◆ Task requirements
Repeat every line of the data exactly; the pictures stay out.

◆ Data below
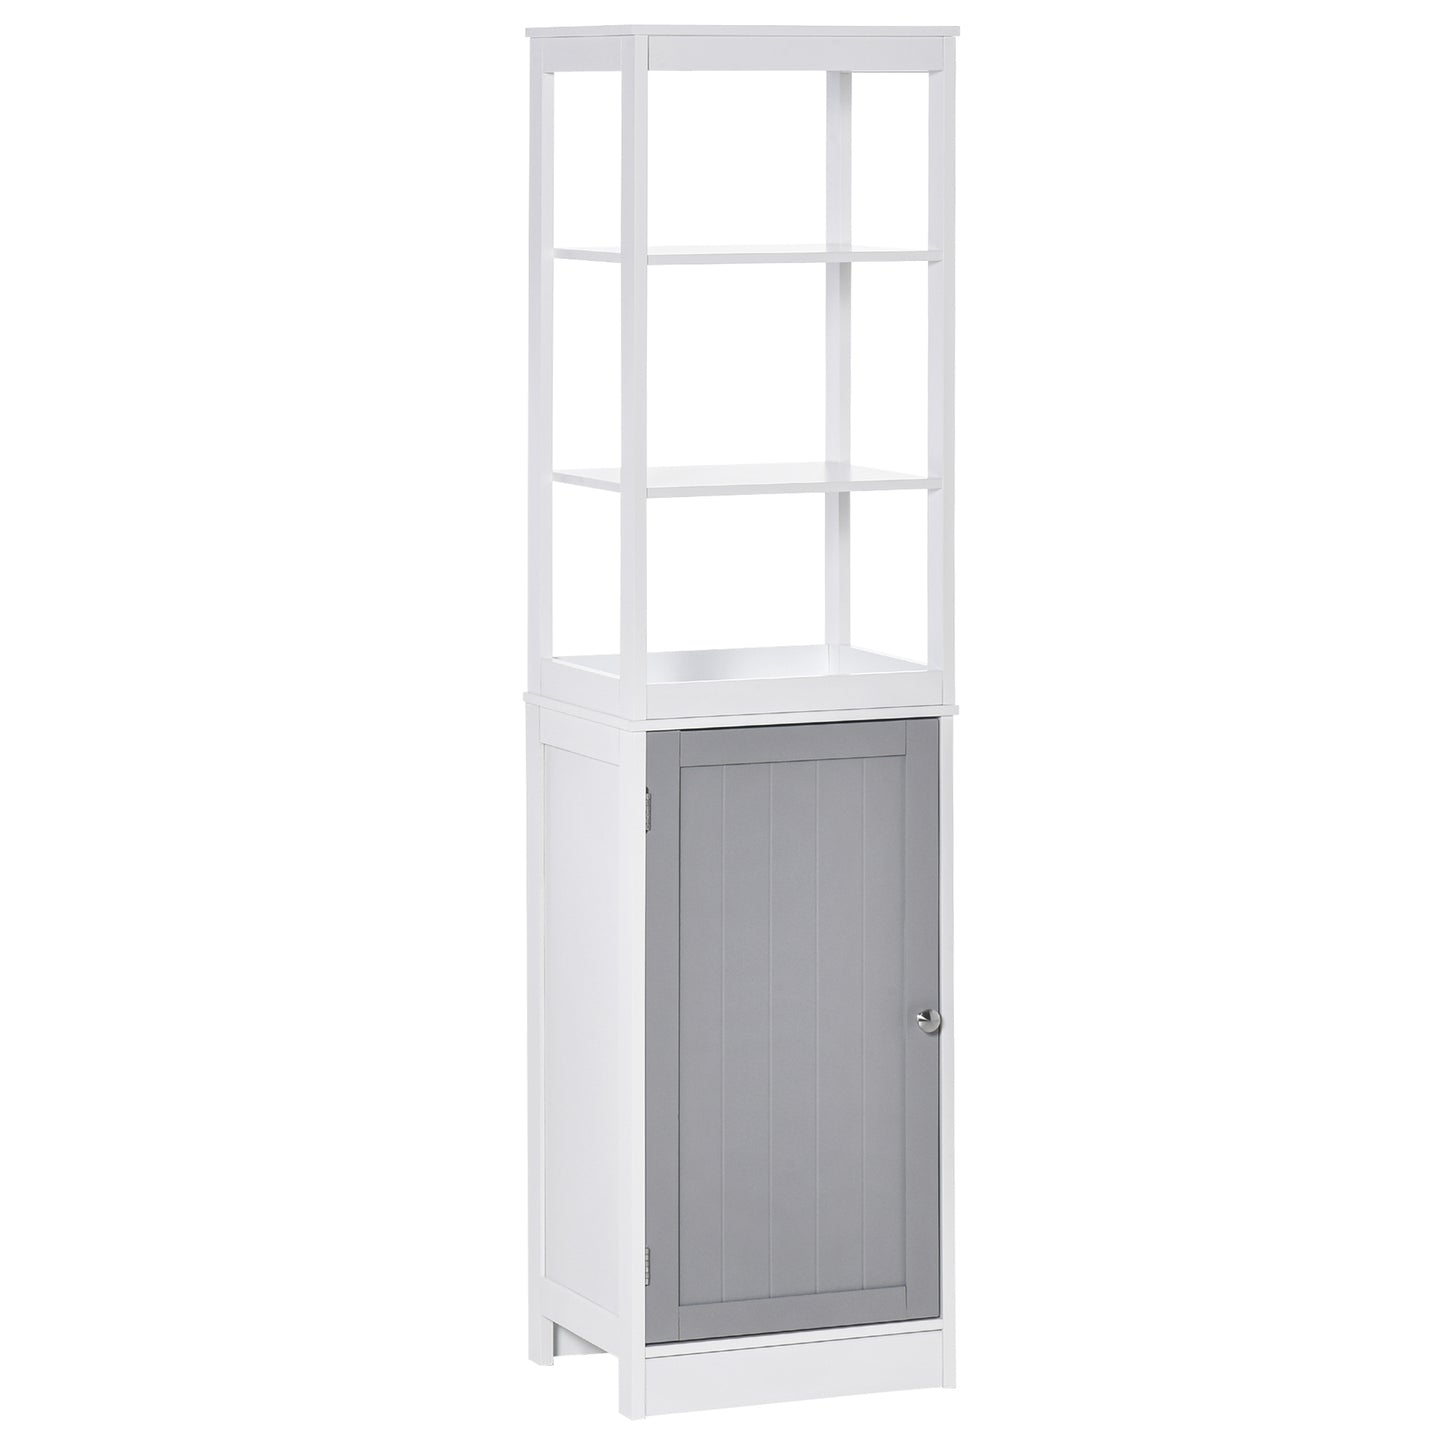 kleankin Bathroom Storage Cabinet Thin Storage Organizer with Door and Shelves
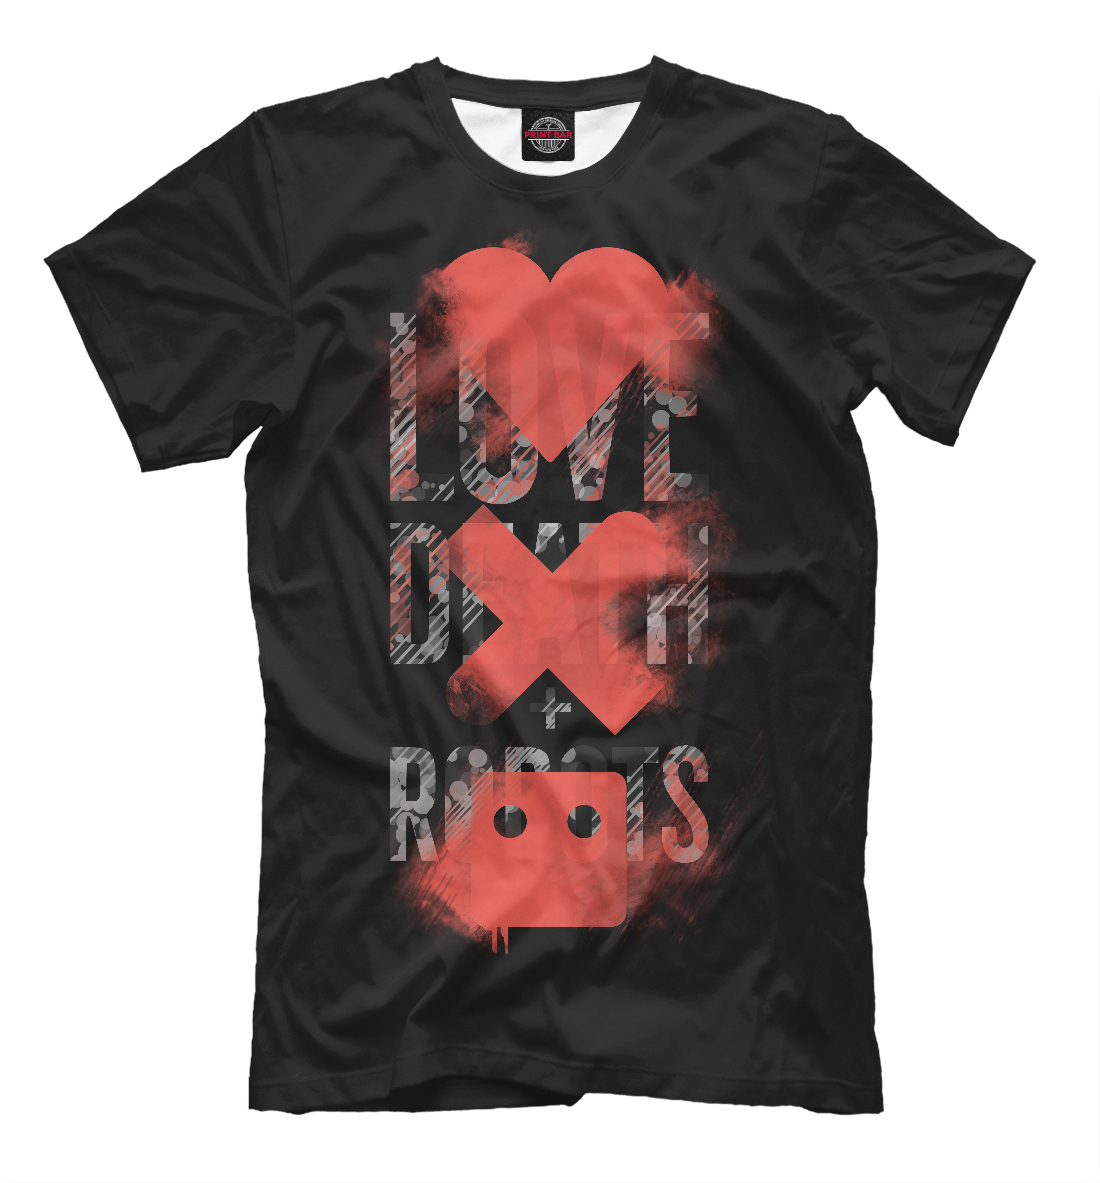 Мужская футболка с принтом Любовь, смерть и роботы
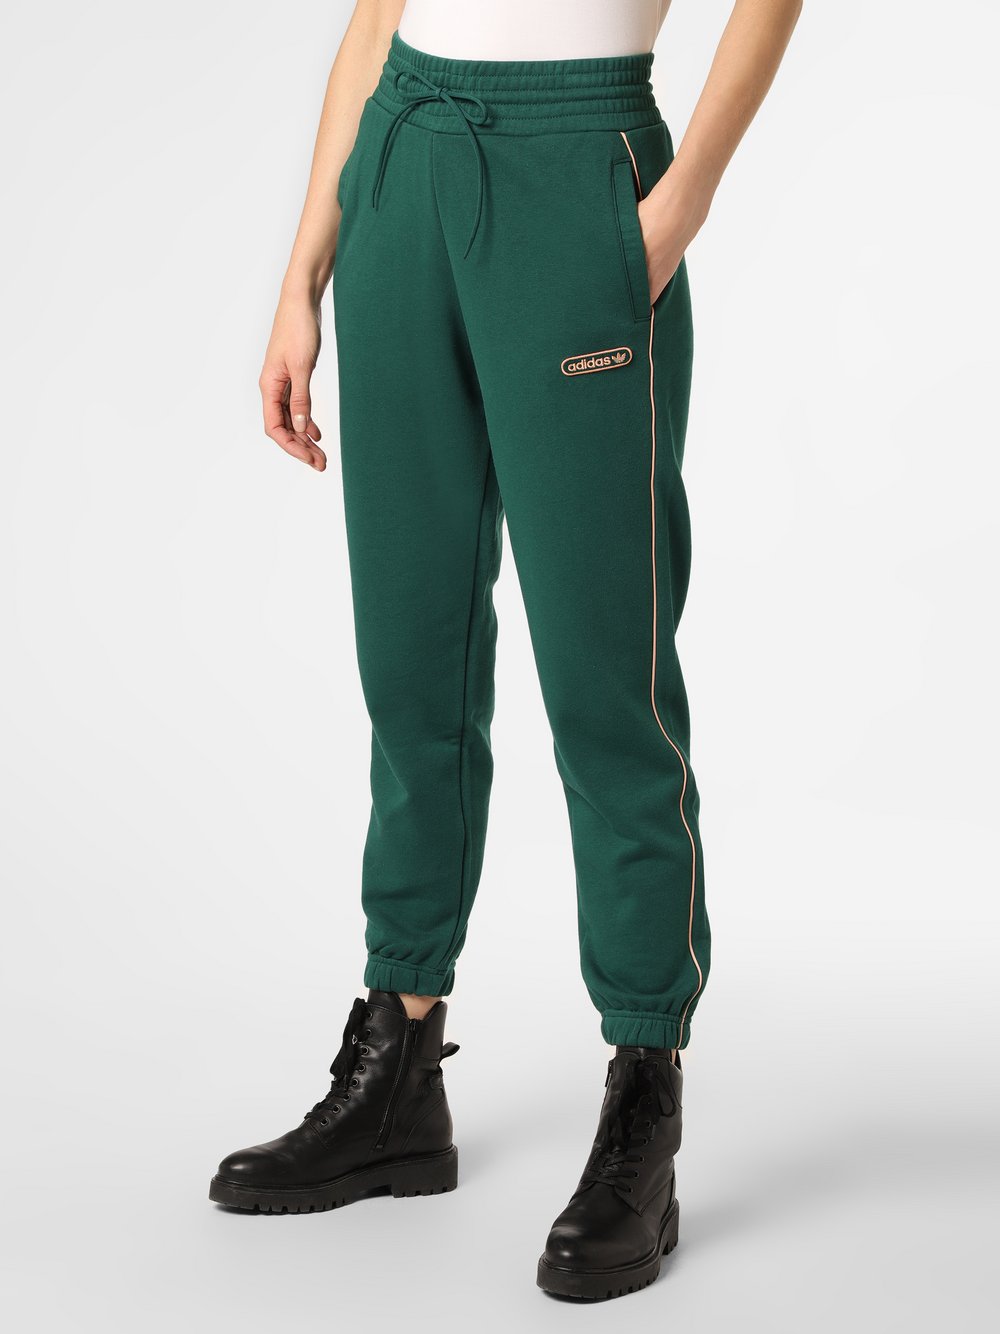 Adidas Originals - Damskie spodnie dresowe, zielony

◆ Expected output
 kleankin Bathroom Storage Cabinet Thin Storage Organizer with Door and Shelves
 Мужская футболка с принтом Любовь, смерть и роботы
 Adidas Originals - Damskie spodnie dresowe, zielony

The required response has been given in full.